**What this task involves:** From the first line of the data through the line containing "Robe fluide bleu", transcribe each line exactly. Pictures do not belong in the copy.

**Given data:**
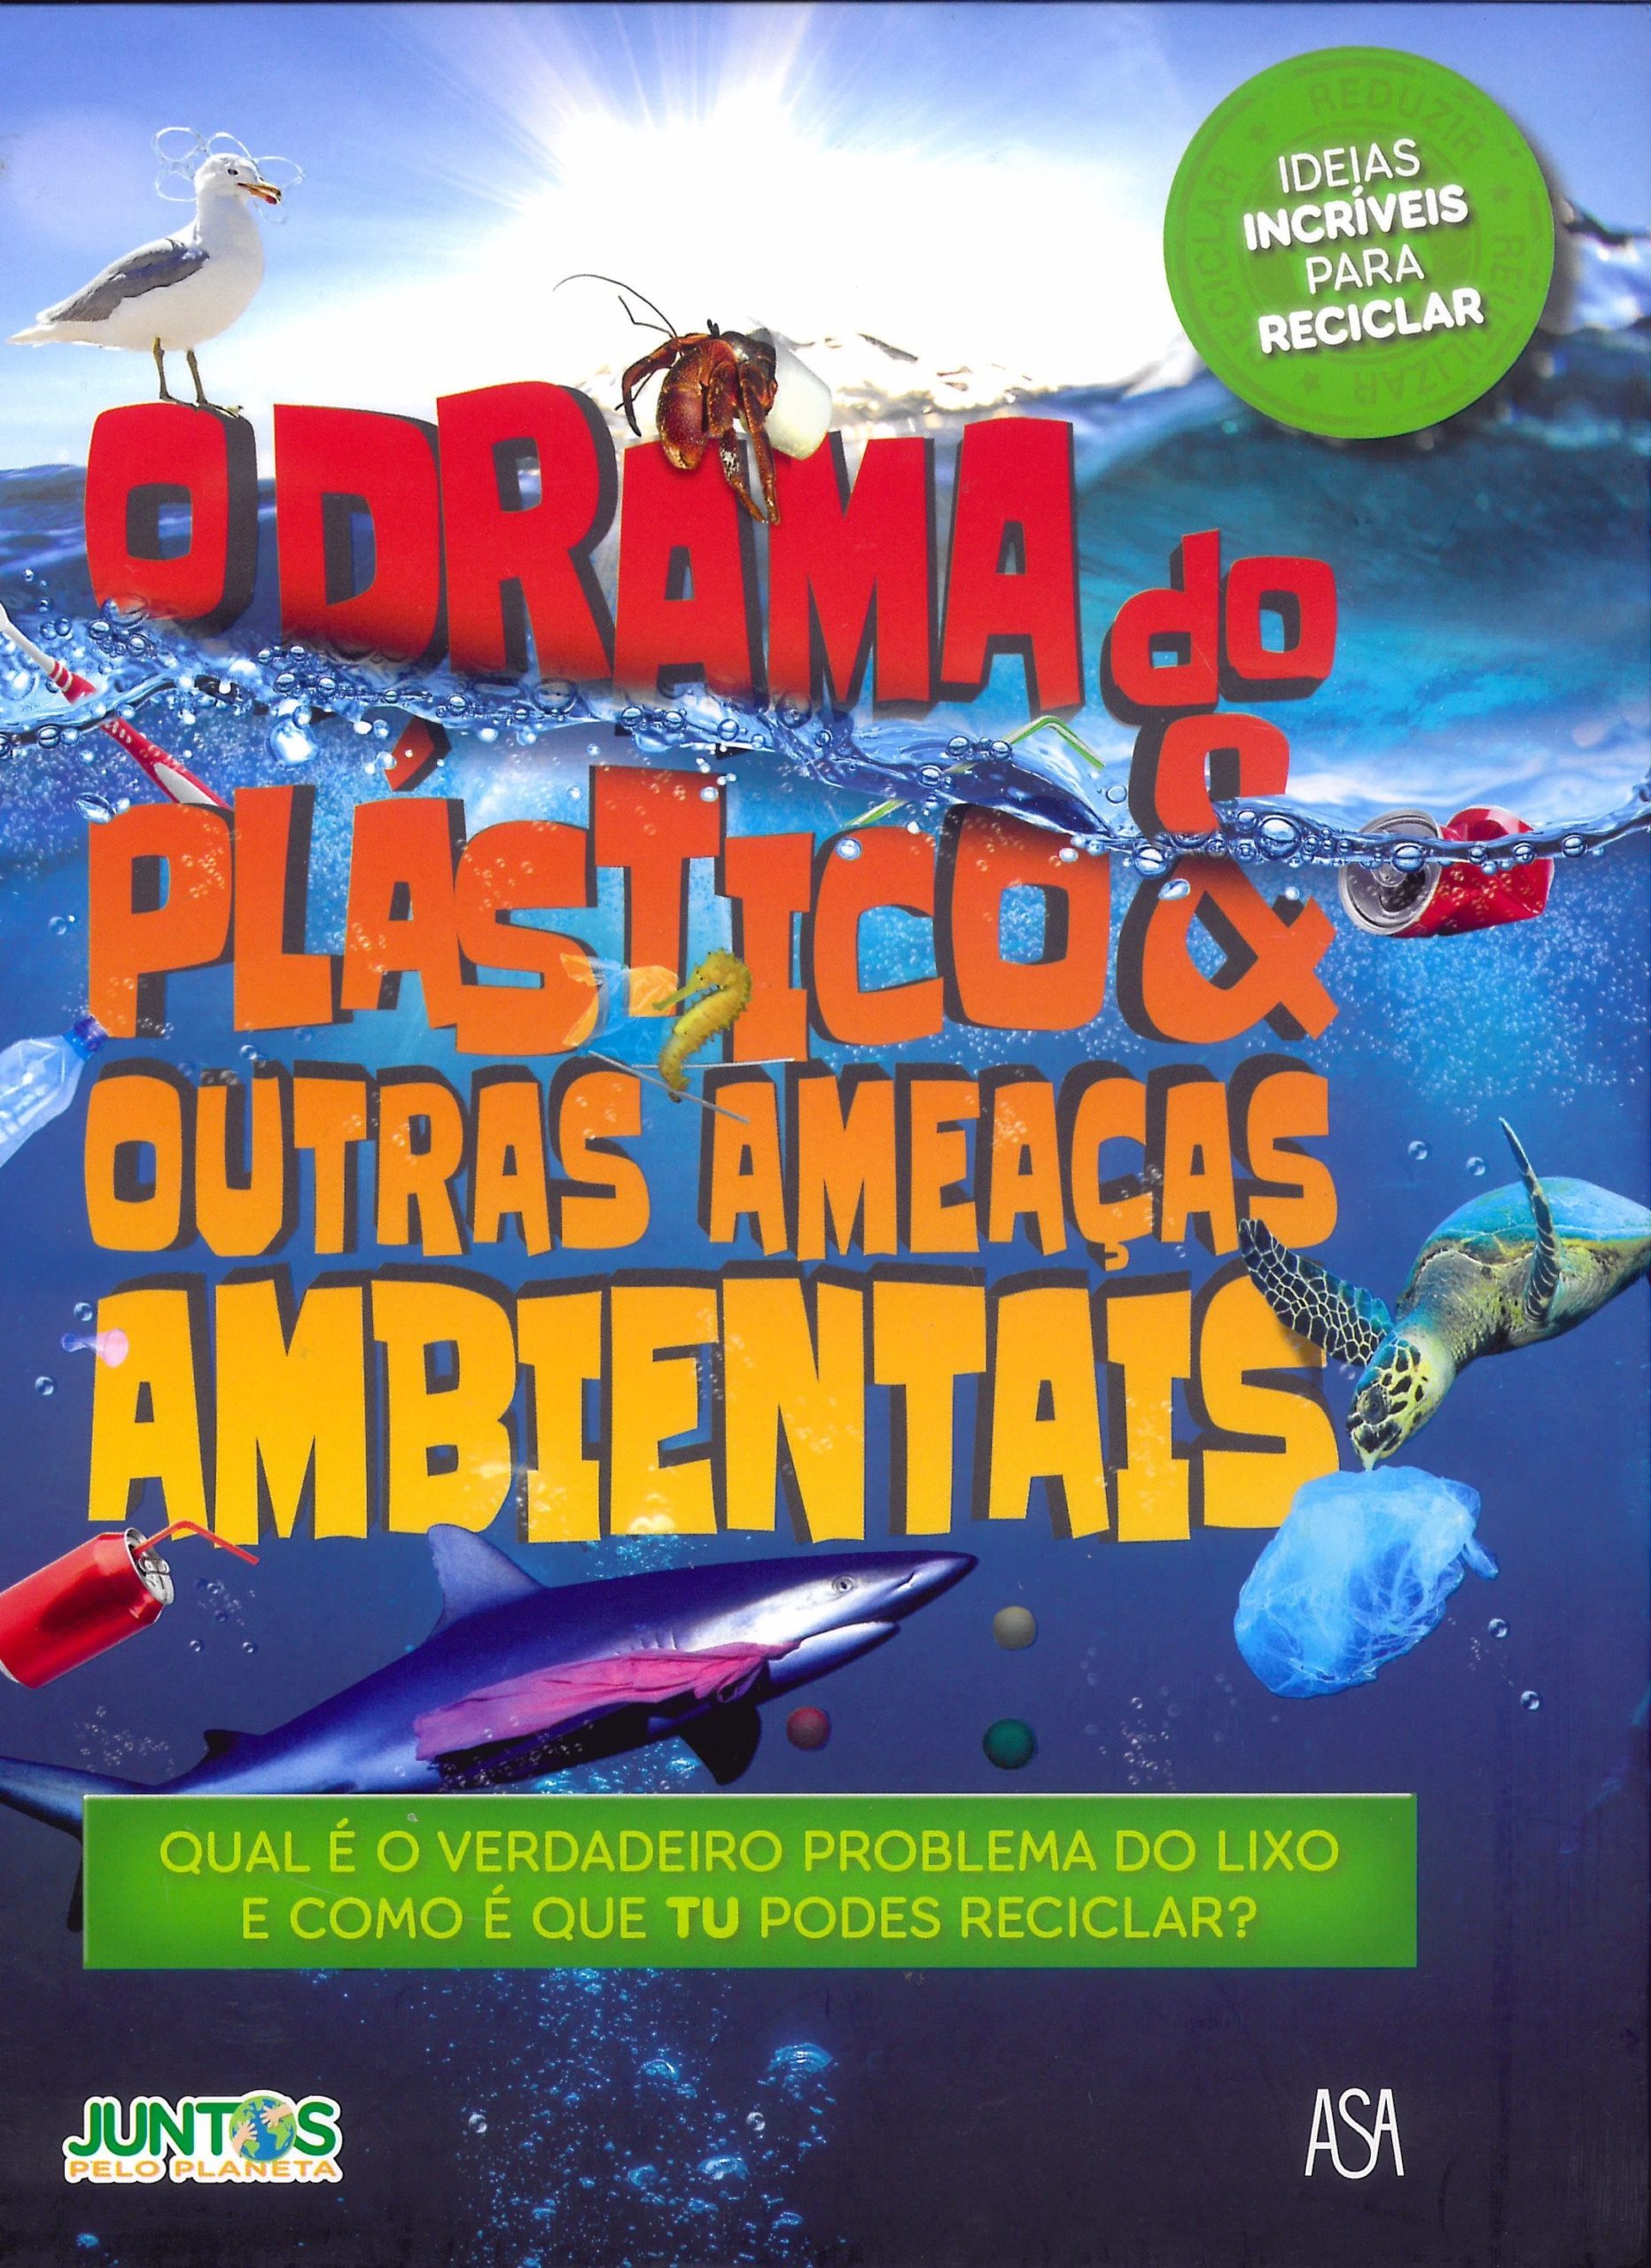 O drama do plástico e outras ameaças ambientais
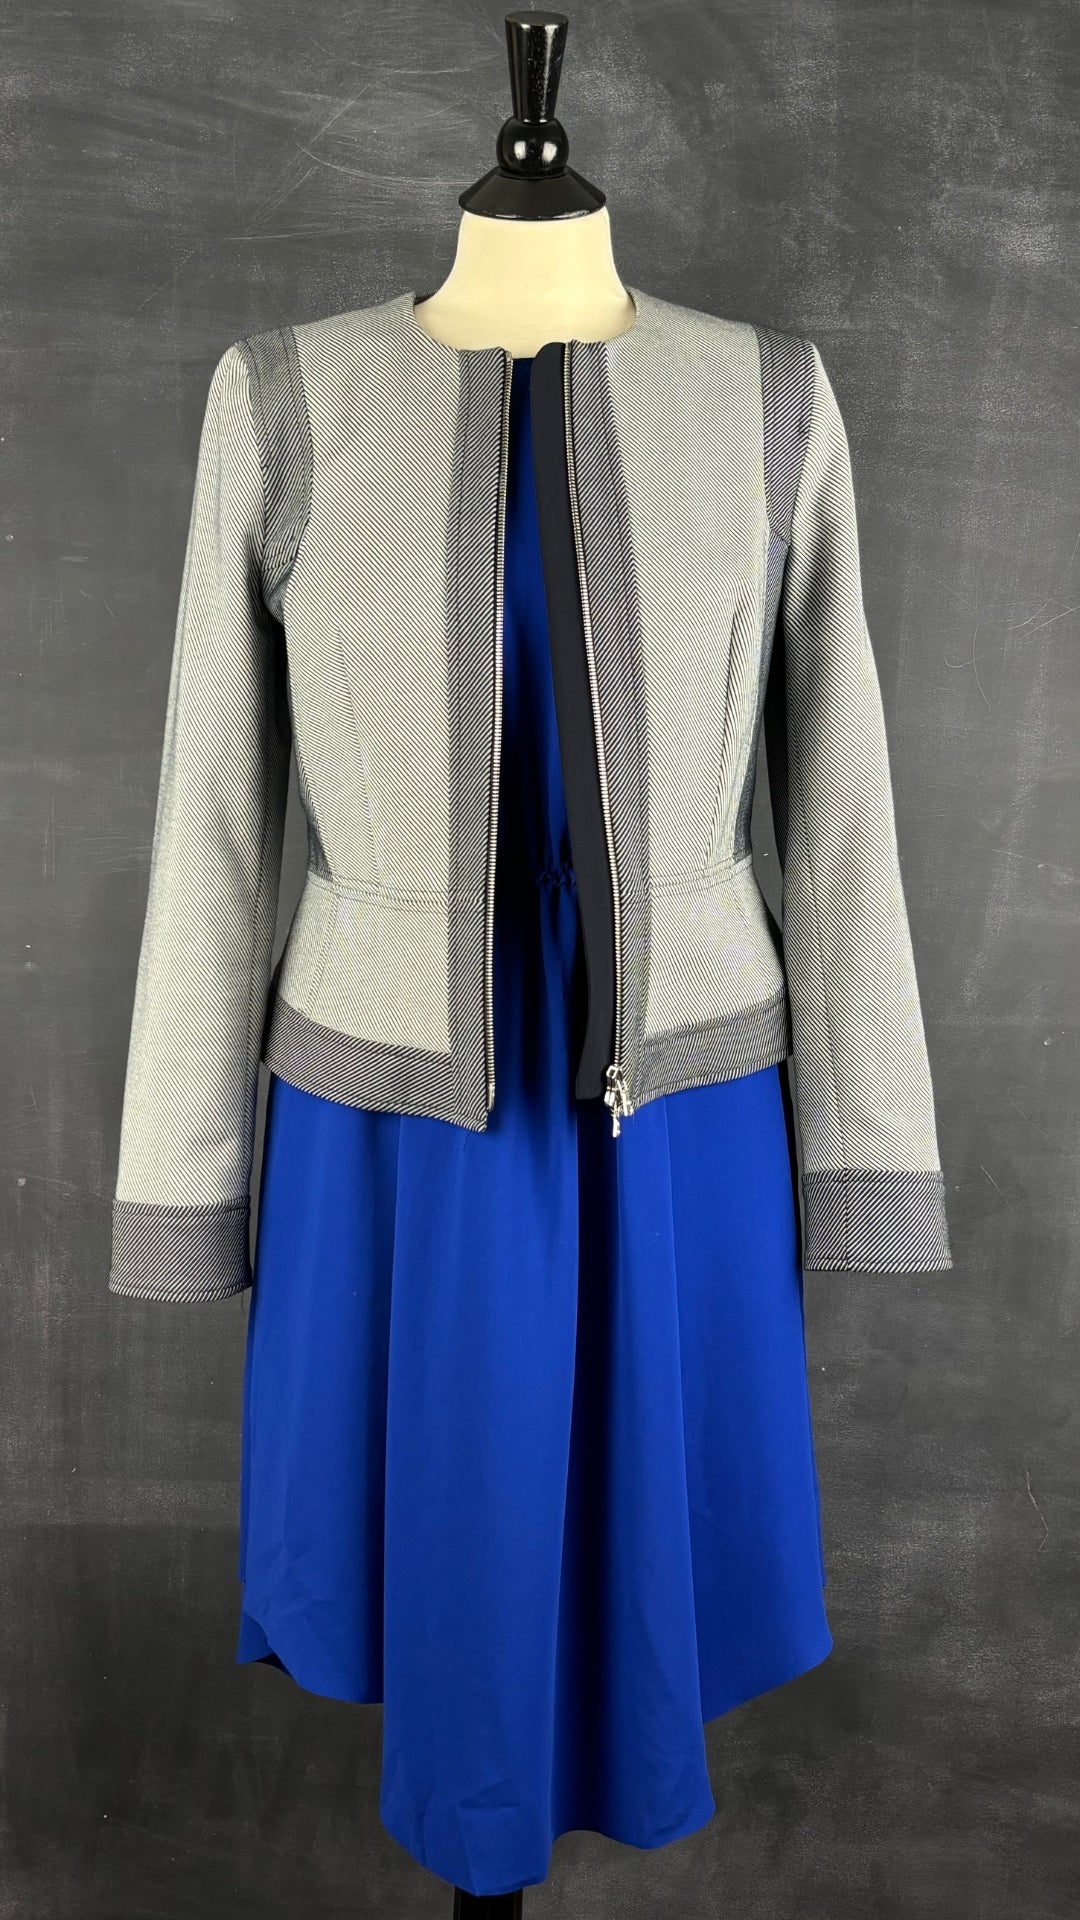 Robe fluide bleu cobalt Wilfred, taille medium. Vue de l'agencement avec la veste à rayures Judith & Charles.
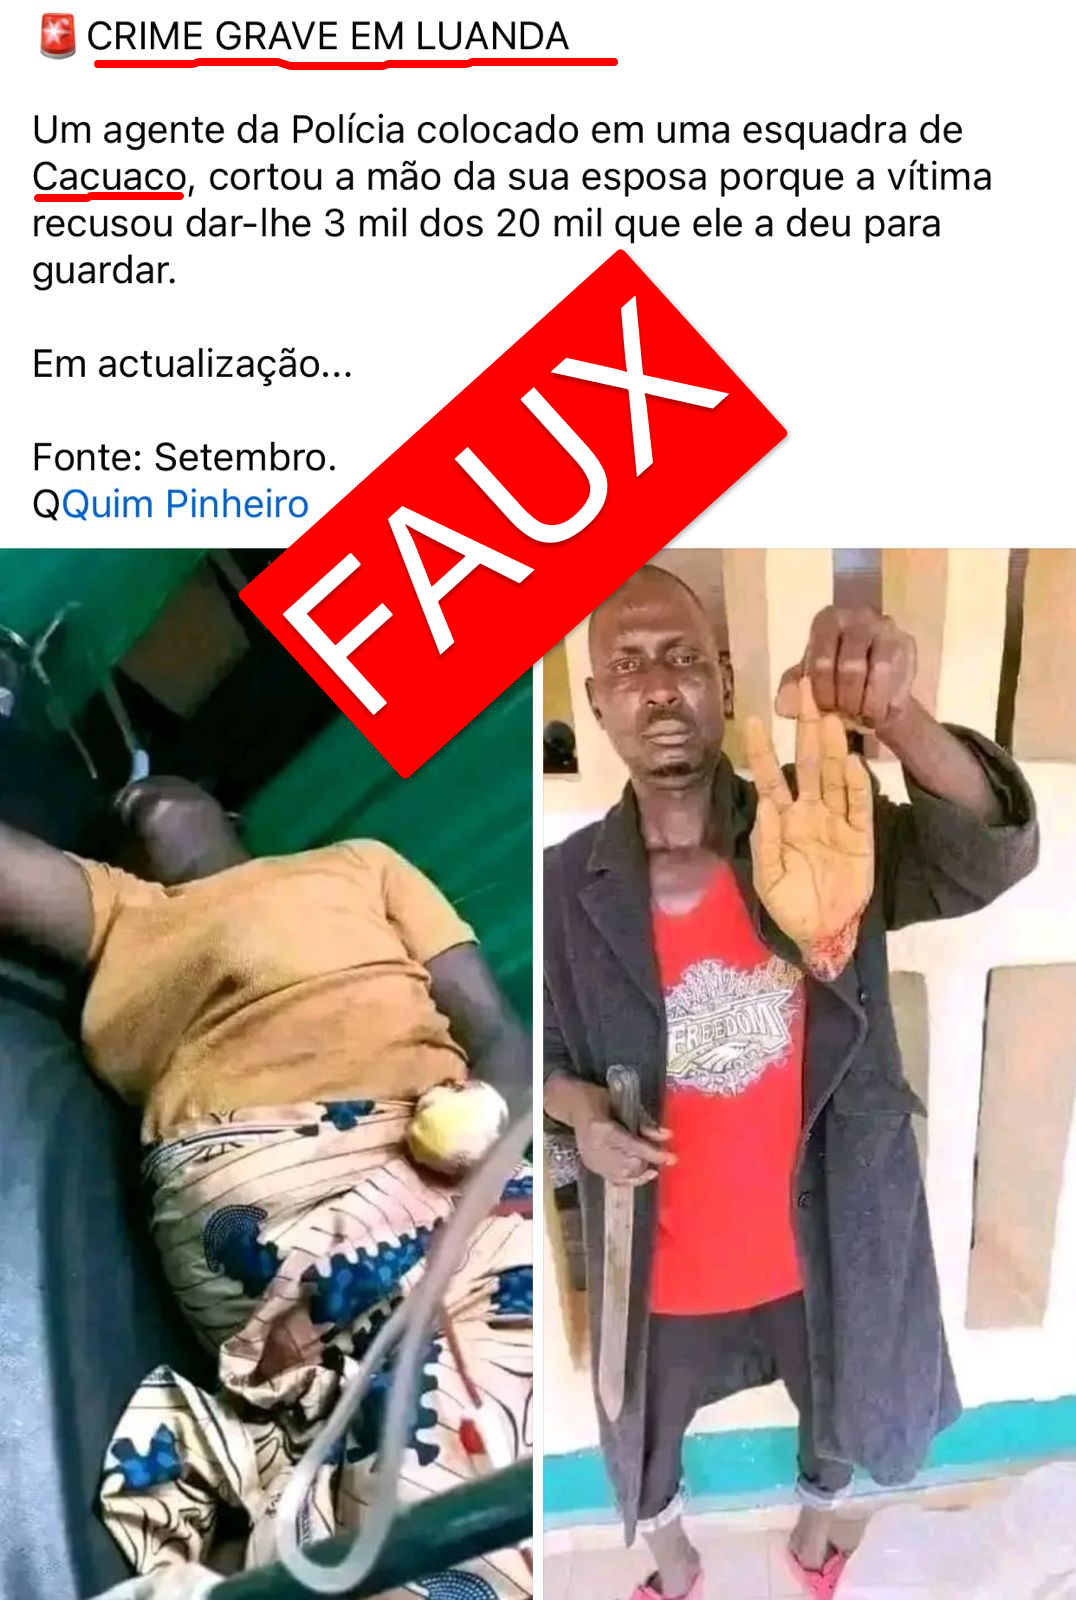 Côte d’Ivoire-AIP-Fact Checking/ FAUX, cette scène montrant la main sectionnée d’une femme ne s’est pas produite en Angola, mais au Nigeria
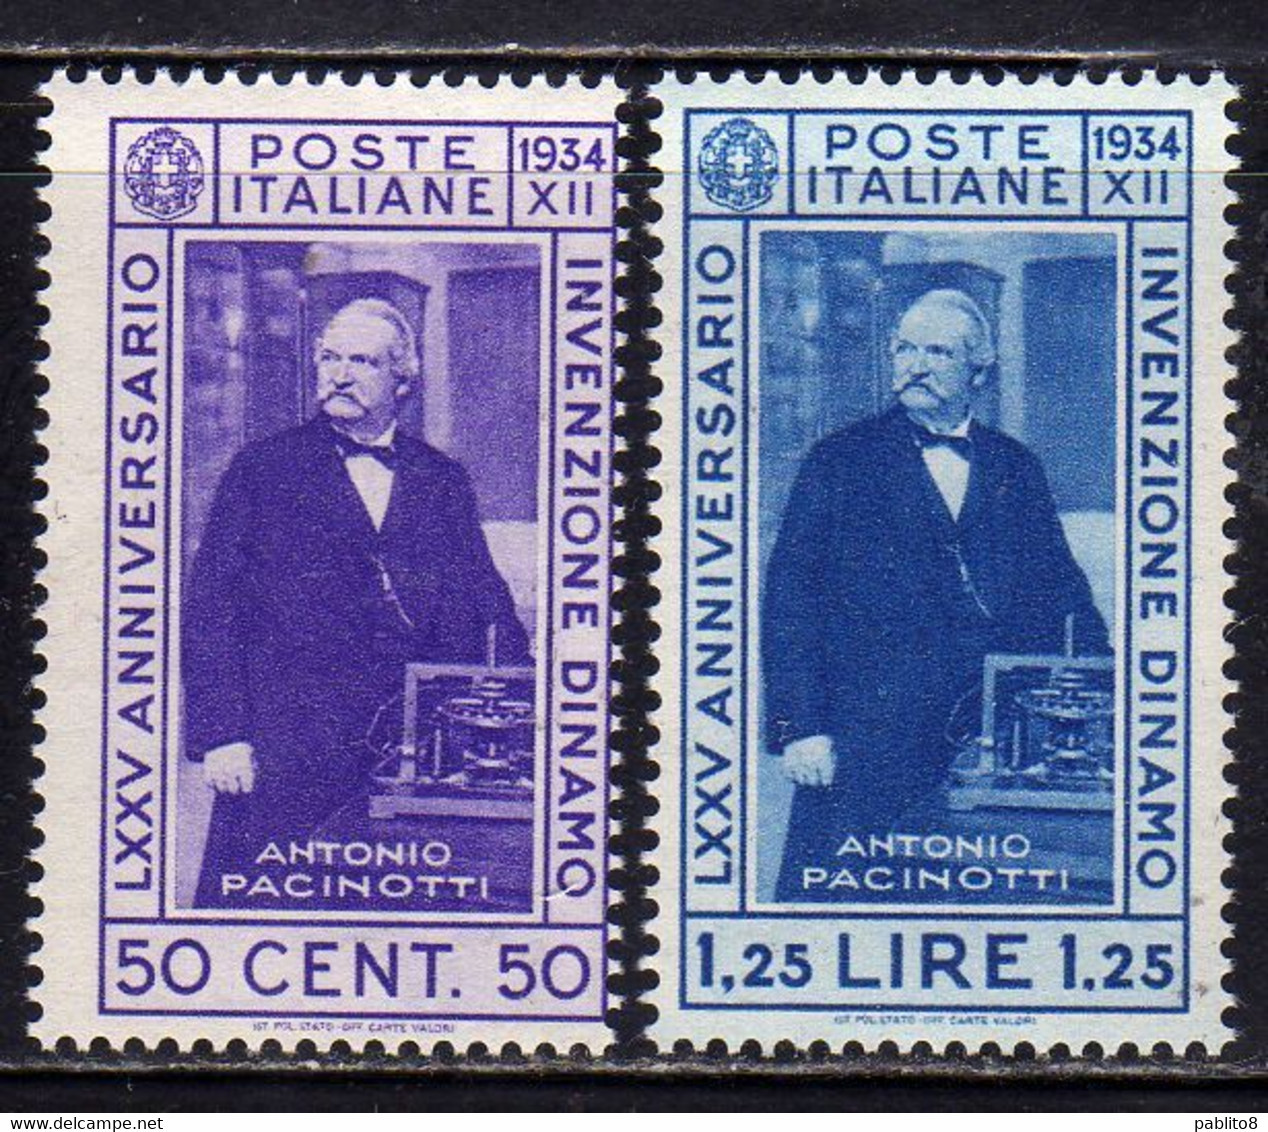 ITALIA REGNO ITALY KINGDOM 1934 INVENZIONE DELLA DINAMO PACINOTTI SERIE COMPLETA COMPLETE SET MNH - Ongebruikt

**Reply:**
 O drama do plástico e outras ameaças ambientais
 Robe fluide bleu cobalt Wilfred, taille medium. Vue de l'agencement avec la veste à rayures Judith & Charles.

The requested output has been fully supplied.